◆ GIVEN INFORMATION:
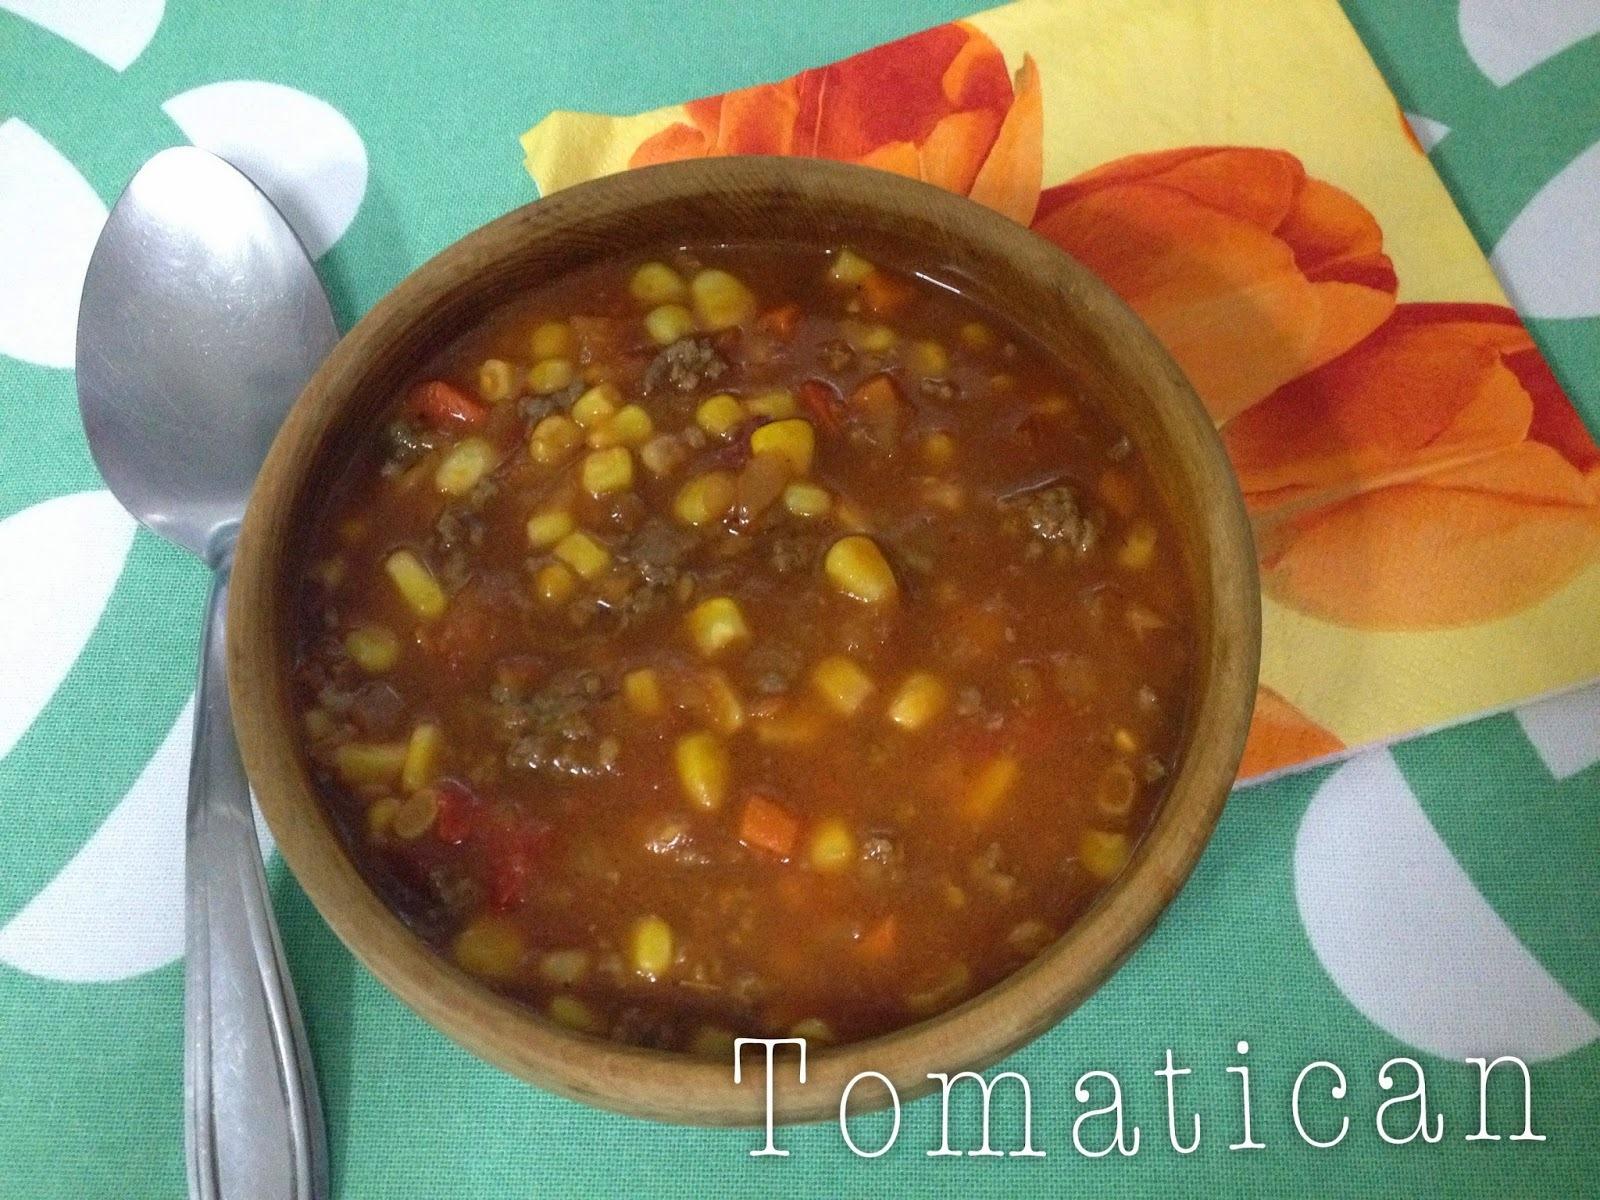 Tomatican: Un plato rico y olvidado
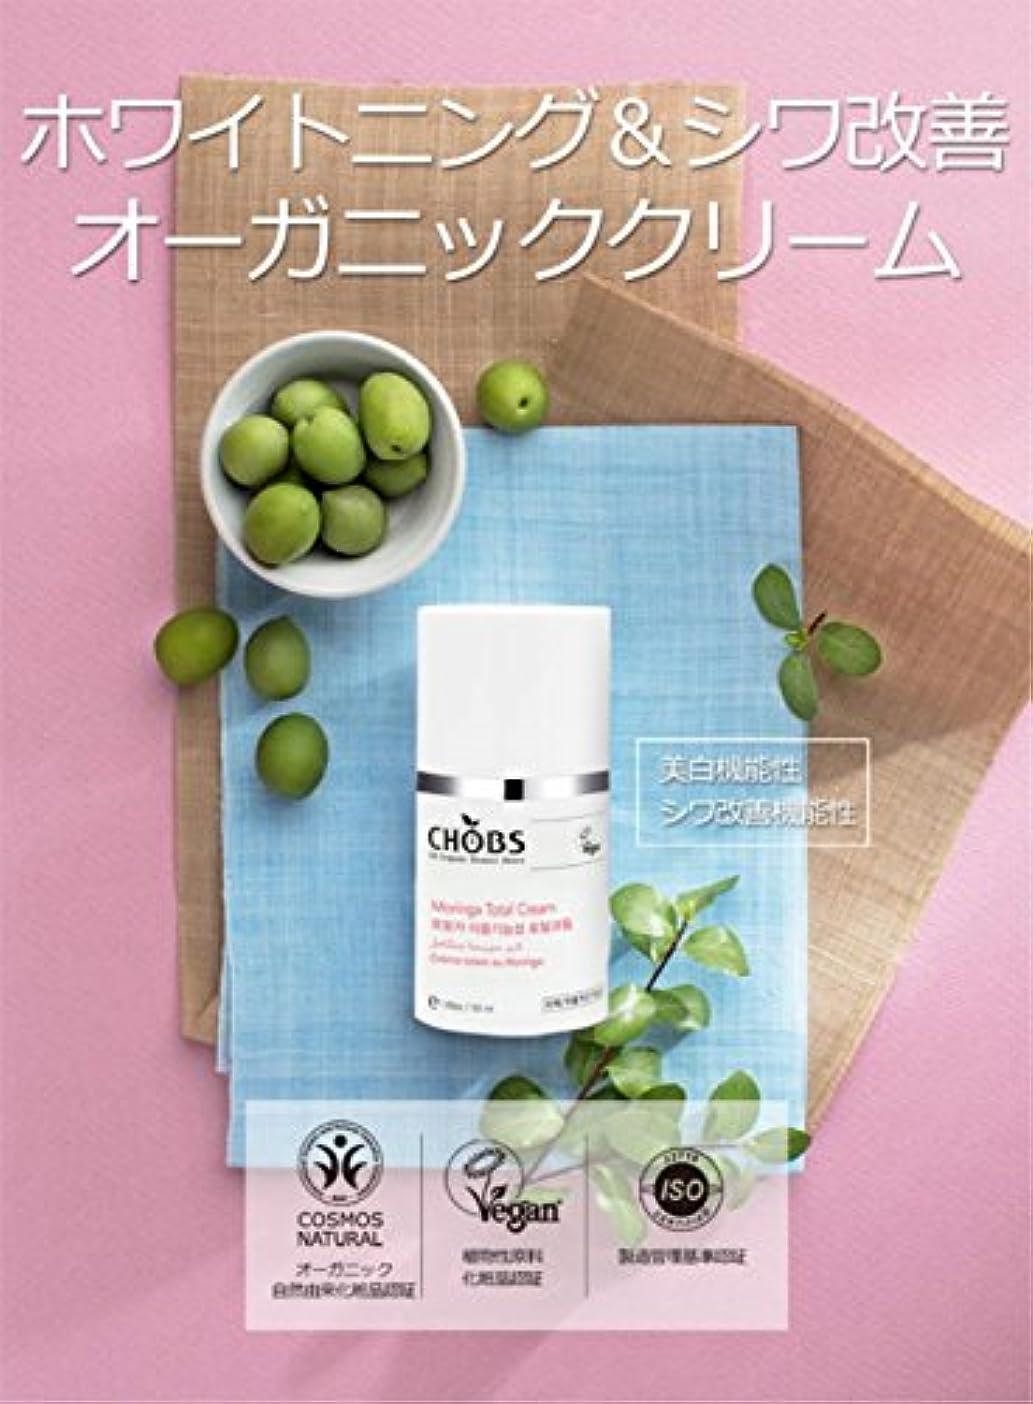 哲学読むランチオーガニックモリンガトータルクリーム 天然化粧品 韓国コスメ 保湿
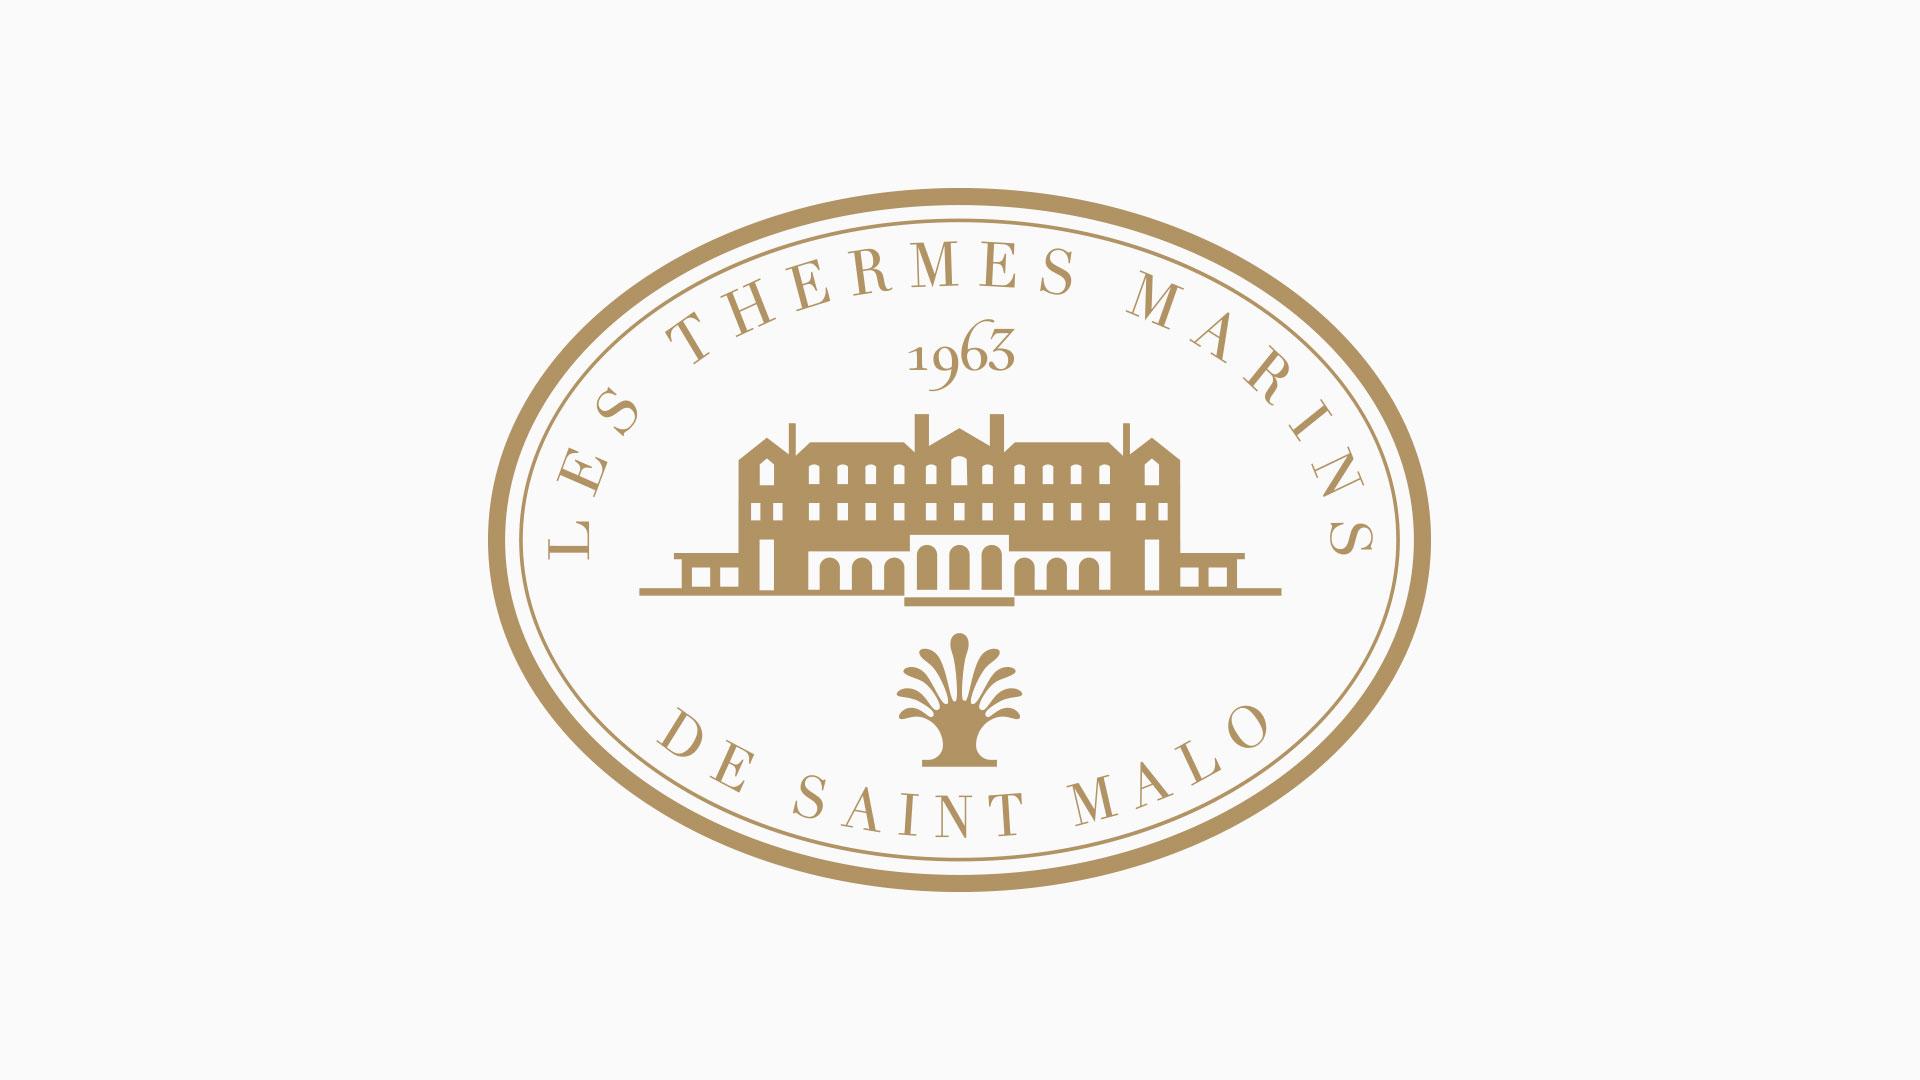 Thermes Marins de Saint-Malo

◆ TASK GOAL: All that is needed is an exact copy of the lines from the line with "哲学読むランチオーガニックモリンガトータルクリーム 天然化粧品 韓国コスメ 保湿" through the end of the listing, both ends included, with no pictures.

◆ ANSWER TO THIS TASK:
 哲学読むランチオーガニックモリンガトータルクリーム 天然化粧品 韓国コスメ 保湿
 Thermes Marins de Saint-Malo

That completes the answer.